We left Seattle and settled on a couple acres in Tacoma: enough room for a big garden, a workshop big enough for any fantasy, and a future full of slow-made things.

Right now, we’re digging up rocks (so many rocks), planting beds where there used to be lawn, cooking with what we grow, and building things.

The “back 40” might hold sunflowers, or corn, chickens, or goats someday, but for now, it’s just holding possibilities.

Soil to Story is where it all comes together: the garden, the workshop, the kitchen, and Paper Trail, my custom memory book studio. This is a work-in-progress kind of life, shared one dirty, delicious, half-baked story at a time.

  • Full growth

    It’s definitely starting to feeling like fall.

    This is the season where everything feels a little wild, and I can feel the change in the air. The sun hangs lower, the wind is brisk in the morning, and the garden is messy, generous, and buzzing. It looks like it’s exhaling after a long summer sprint.

    We’ve eaten so well this year. Between beans, beets, and basil, every dinner started out there somewhere. We planted and harvested a dizzying array of vegetables. I’ve been making fat salads lately: full of vegetables, beans, grains, and tofu. Elaine would be proud.

    Lately, I’ve been drifting between two dressings. My old standby, a lemon vinaigrette (bright and sharp, making everything taste more alive), and a new favorite: miso-ginger with lime. It’s tangy, spicy, and a little funky in the best possible way. I can’t seem to stop making it.

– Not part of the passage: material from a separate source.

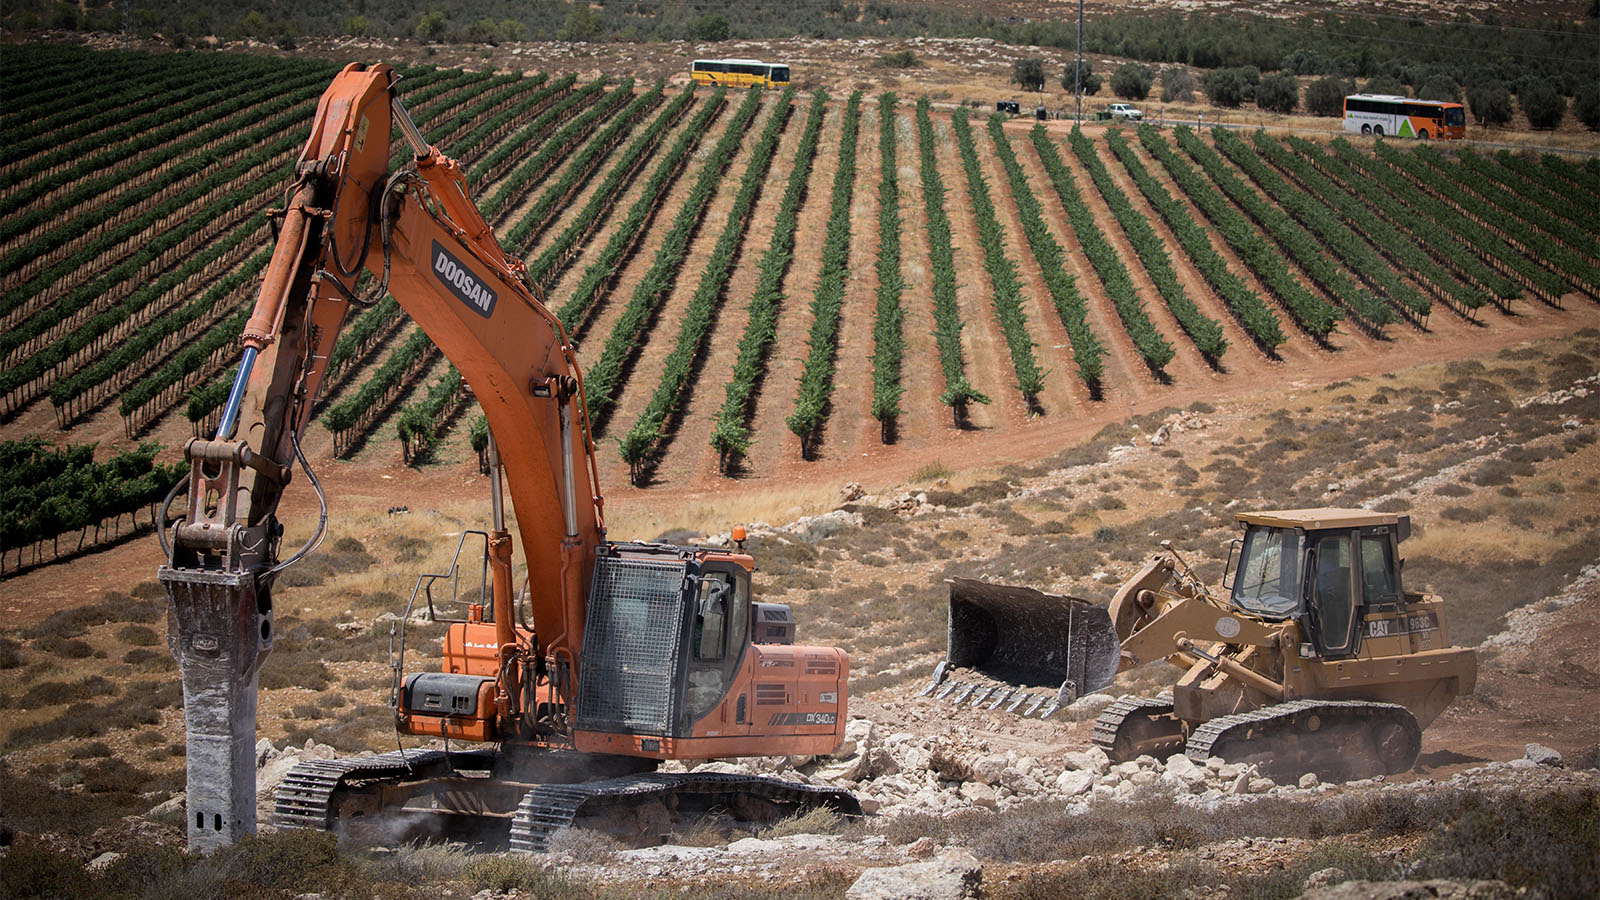 בניית היישוב עמיחי בעמק שילה המיועד למפוני עמונה 20 ביוני (צילום: יונתן זינדל/ פלאש 90).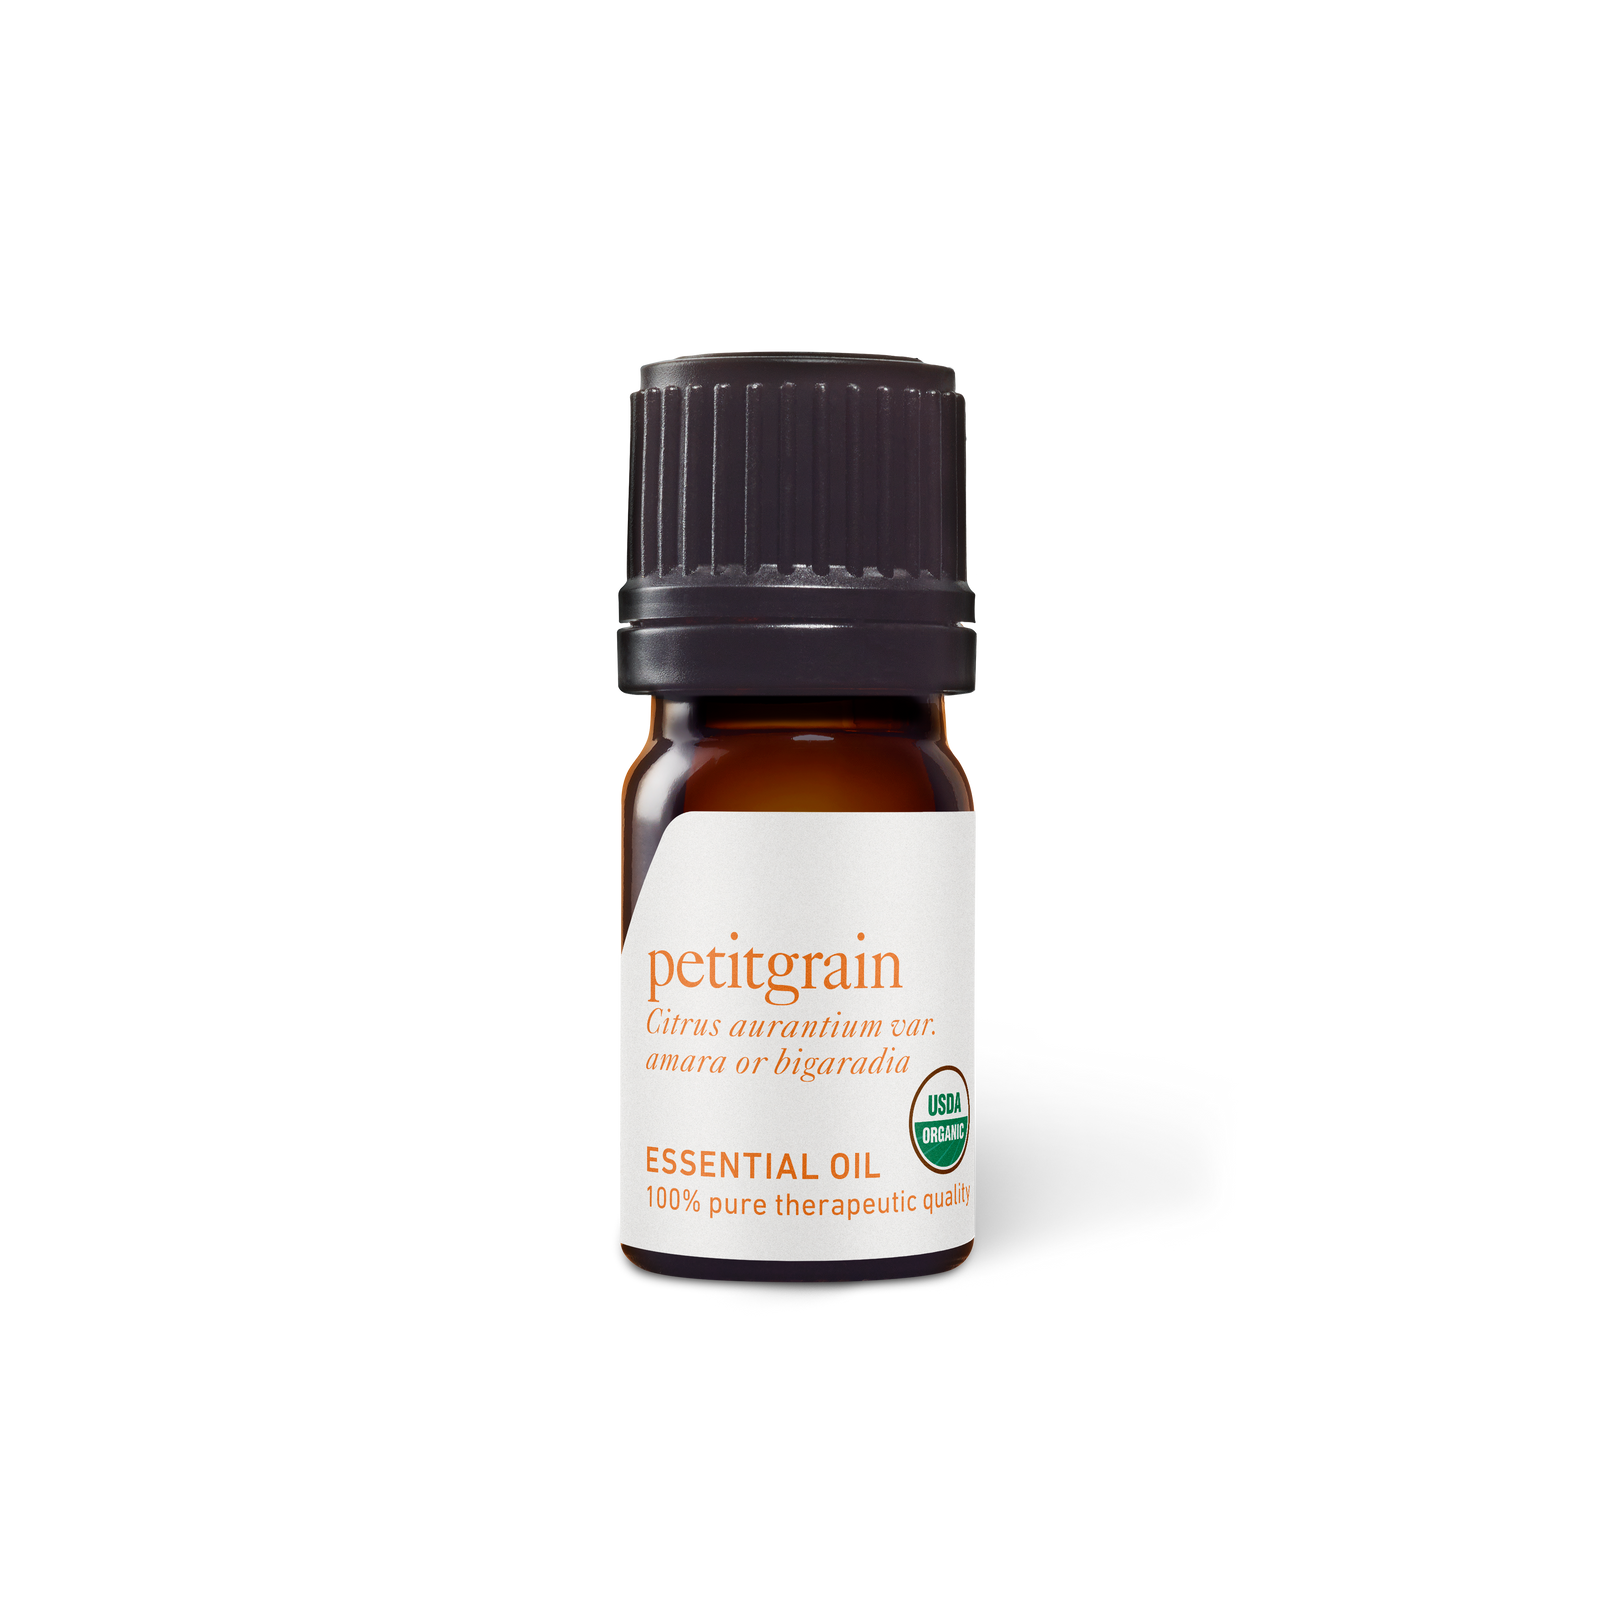 Petitgrain (Bigarade) Oil

    There’s a fullness to this time of year that I love, and there’s a little nostalgic twang to my heartstrings. The garden is at its height; everything is layered and leaning and thriving. But I can feel the shift coming… that quiet tug toward fall. But for now, it’s still not quite there.

    Still plenty. Still alive.

    I’m dreading having to buy cucumbers again.

    What’s Next

    • Keep picking, cooking, eating, and sharing
    • Save seeds for next year’s experiments
    • Watch the light change and the garden start to fade
    • Try to remember how good this feels when it’s February

    It’s all a little overgrown and a little chaotic. It’s pretty perfect.